2) Set the hardware priority from the netfilter basechain priority,
   some drivers break when using the existing hardware priority
   number that is set to zero.

Please, apply.

Pablo Neira Ayuso (2):
  net: sched: use major priority number as hardware priority
  netfilter: nf_tables: map basechain priority to hardware priority

 drivers/net/ethernet/mellanox/mlx5/core/en_tc.c      |  2 +-
 drivers/net/ethernet/mellanox/mlxsw/spectrum_acl.c   |  2 +-
 drivers/net/ethernet/mscc/ocelot_flower.c            | 12 +++---------
 drivers/net/ethernet/netronome/nfp/flower/qos_conf.c |  2 +-
 drivers/net/ethernet/stmicro/stmmac/stmmac_tc.c      |  2 +-
 include/net/netfilter/nf_tables_offload.h            |  2 ++
 include/net/pkt_cls.h                                |  2 +-
 net/netfilter/nf_tables_api.c                        |  4 ++++
 net/netfilter/nf_tables_offload.c                    | 18 +++++++++++++++---
 9 files changed, 29 insertions(+), 17 deletions(-)

-- 
2.11.0

[PATCH 1/2 net,v4] net: sched: use major priority number as hardware priority

[Pablo Neira Ayuso]

tc transparently maps the software priority number to hardware. Update
it to pass the major priority which is what most drivers expect. Update
drivers too so they do not need to lshift the priority field of the
flow_cls_common_offload object.
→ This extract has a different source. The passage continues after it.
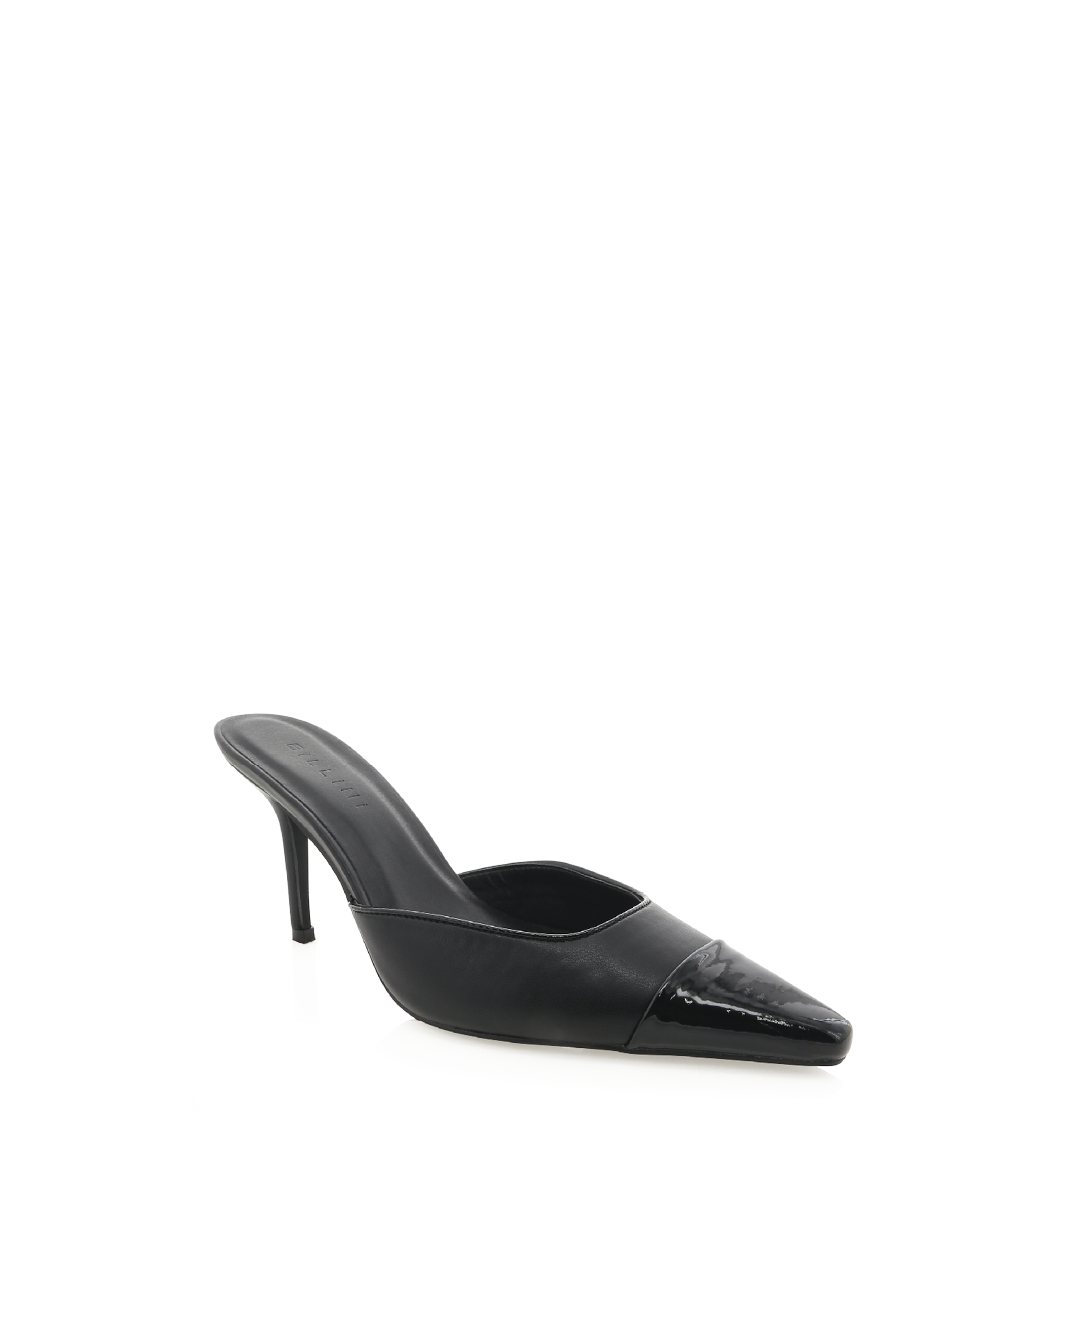 AMEARE - BLACK-BLACK PATENT-Heels-Billini-BILLINI USA

The stmmac driver is an exception, since
this code assumes the tc software priority is fine, therefore, lshift it
just to be conservative.

Signed-off-by: Pablo Neira Ayuso <pablo@netfilter.org>
Acked-by: Jiri Pirko <jiri@mellanox.com>
---
v4: no changes.

 drivers/net/ethernet/mellanox/mlx5/core/en_tc.c      |  2 +-
 drivers/net/ethernet/mellanox/mlxsw/spectrum_acl.c   |  2 +-
 drivers/net/ethernet/mscc/ocelot_flower.c            | 12 +++---------
 drivers/net/ethernet/netronome/nfp/flower/qos_conf.c |  2 +-
 drivers/net/ethernet/stmicro/stmmac/stmmac_tc.c      |  2 +-
 include/net/pkt_cls.h                                |  2 +-
 6 files changed, 8 insertions(+), 14 deletions(-)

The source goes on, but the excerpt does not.